Screenings: Project screenings will be held the day projects are due, and students should be prepared to discuss and answer questions about their creative choices. We will hold critiques and provide constructive feedback for all creative assignments. ALL PROJECTS MUST BE TURNED IN ON THEIR DUE DATE. You may upload your projects to your YouTube channel and play them for the class on due dates. However, you'll need to export an MP4 file of the project and place it in the TAMIU Media 1 folder for the course. To receive a grade for your projects, you must be present during critiques and respond to feedback. Failure to participate in critiques will result in a zero for the assignment.
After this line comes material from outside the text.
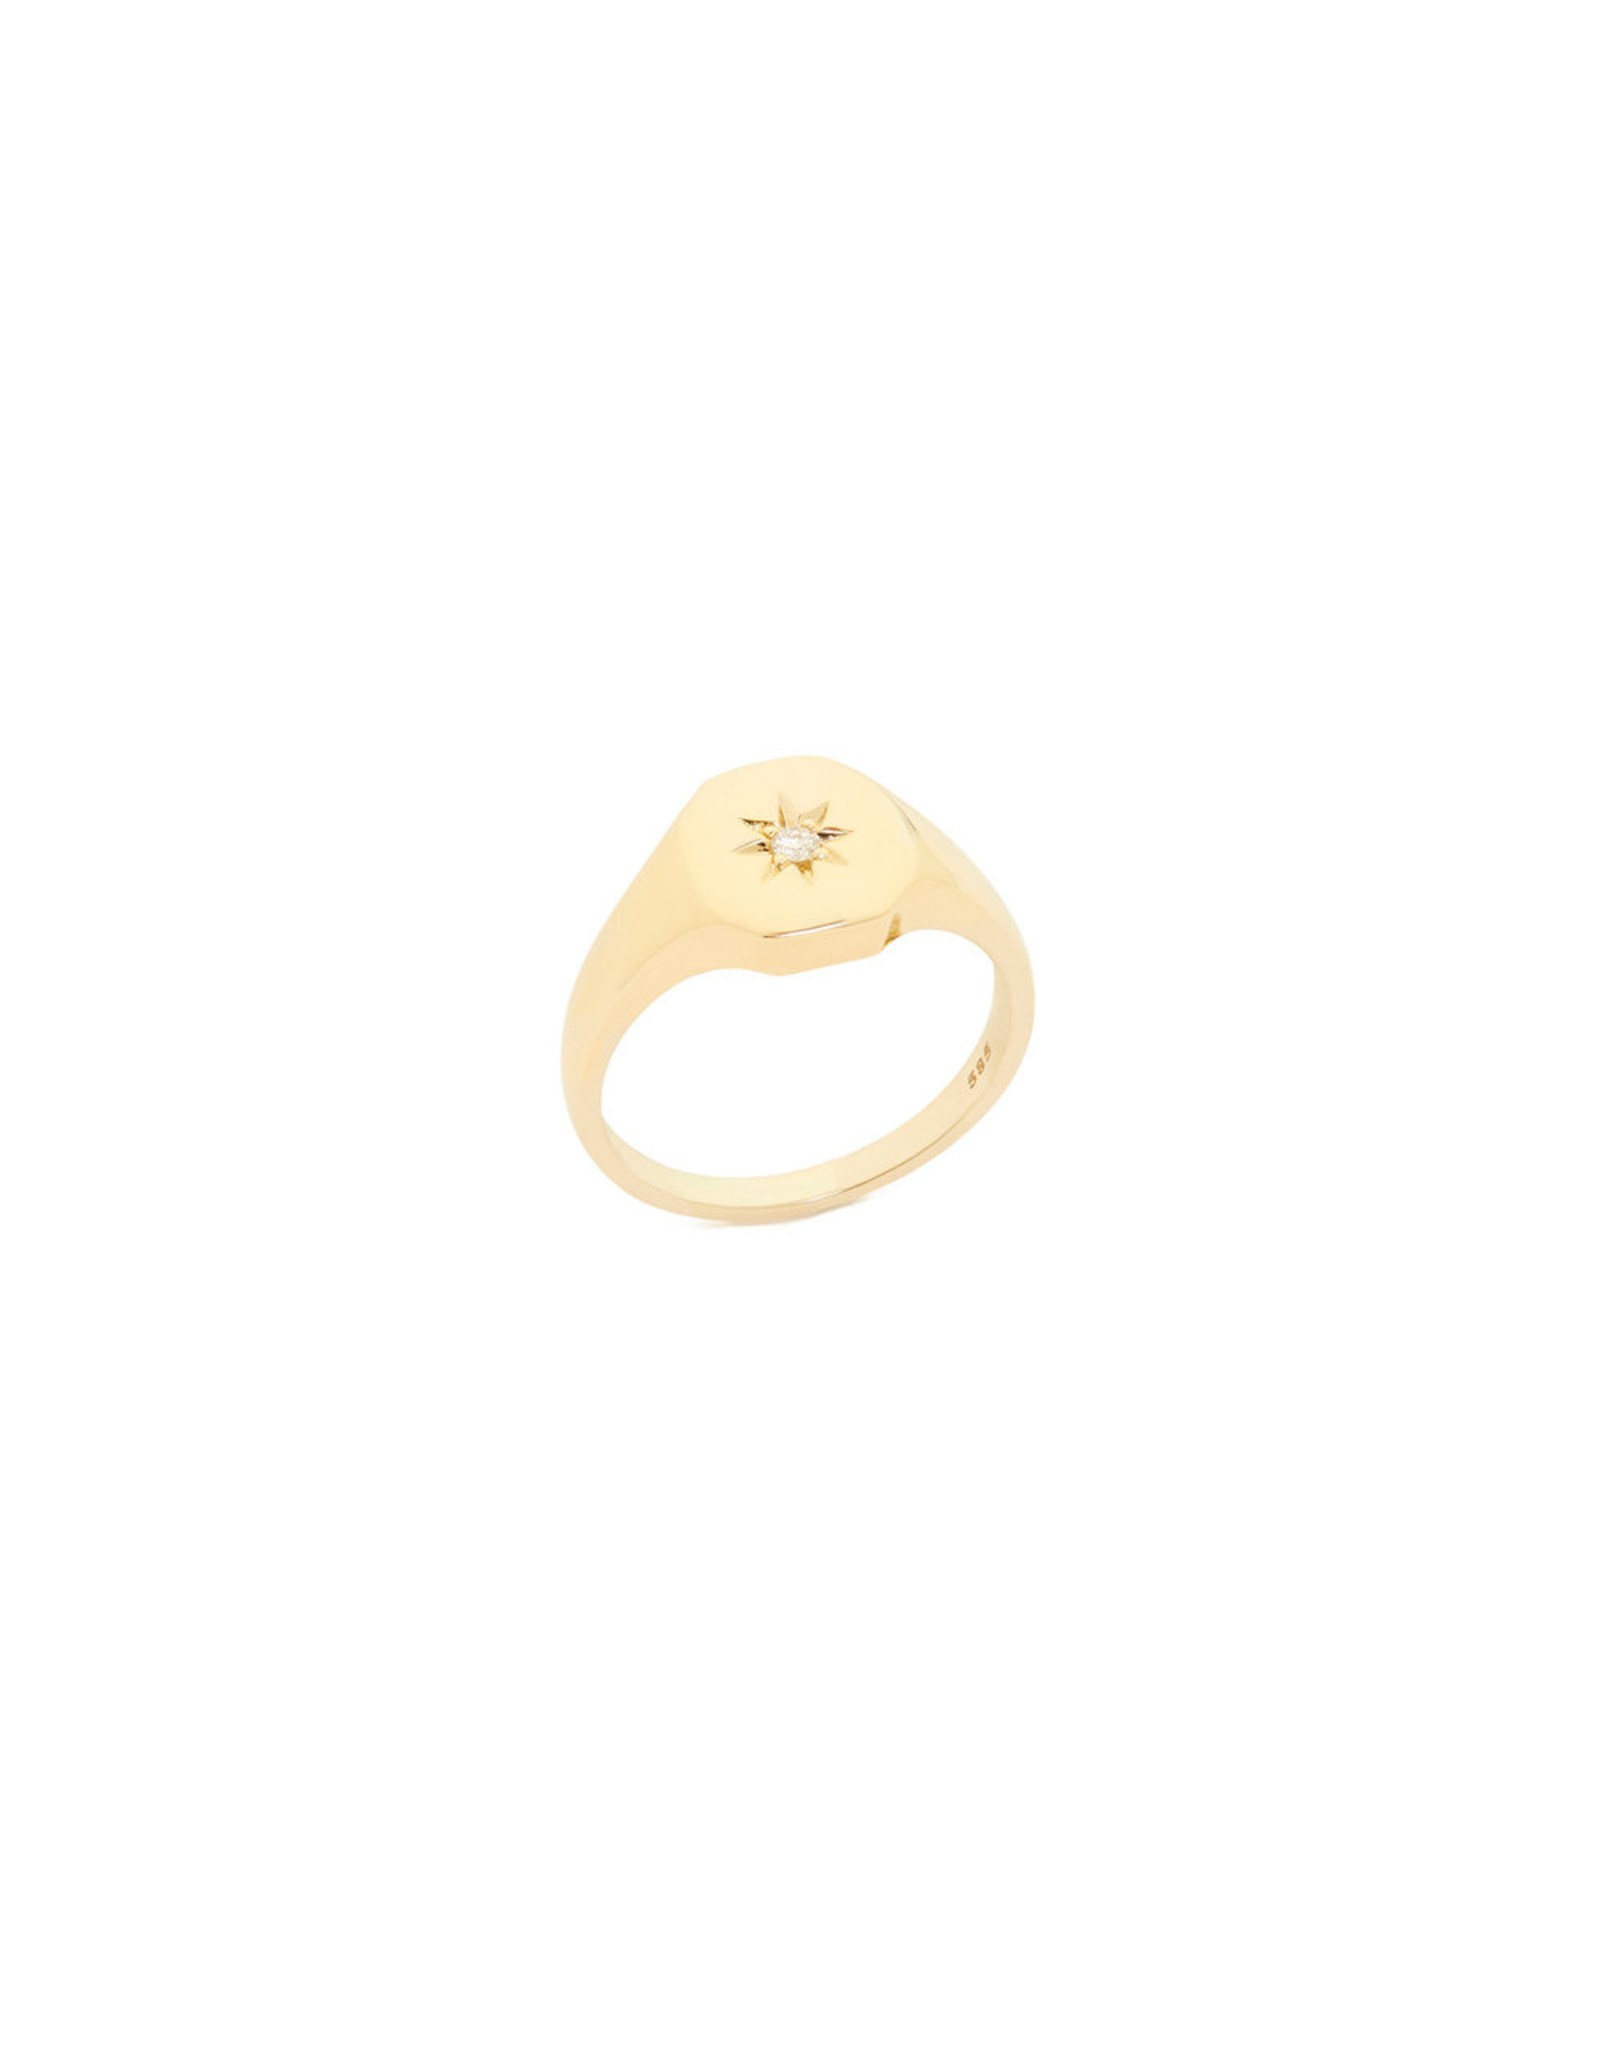 Bondeye Jewelry Bondeye Josie Yellow-Gold Signet Ring (Size: 6, Stone: Diamond)

Please do not email me a YouTube link of your video project. I will not grade YouTube links.
Deadlines: Deadlines are crucial in the film industry and related communication fields. Late work will not be accepted unless the student has discussed the matter with the professor before the project's due date. Regardless of permission, points will be deducted for lateness. Excuses for late submissions must align with the university's policies.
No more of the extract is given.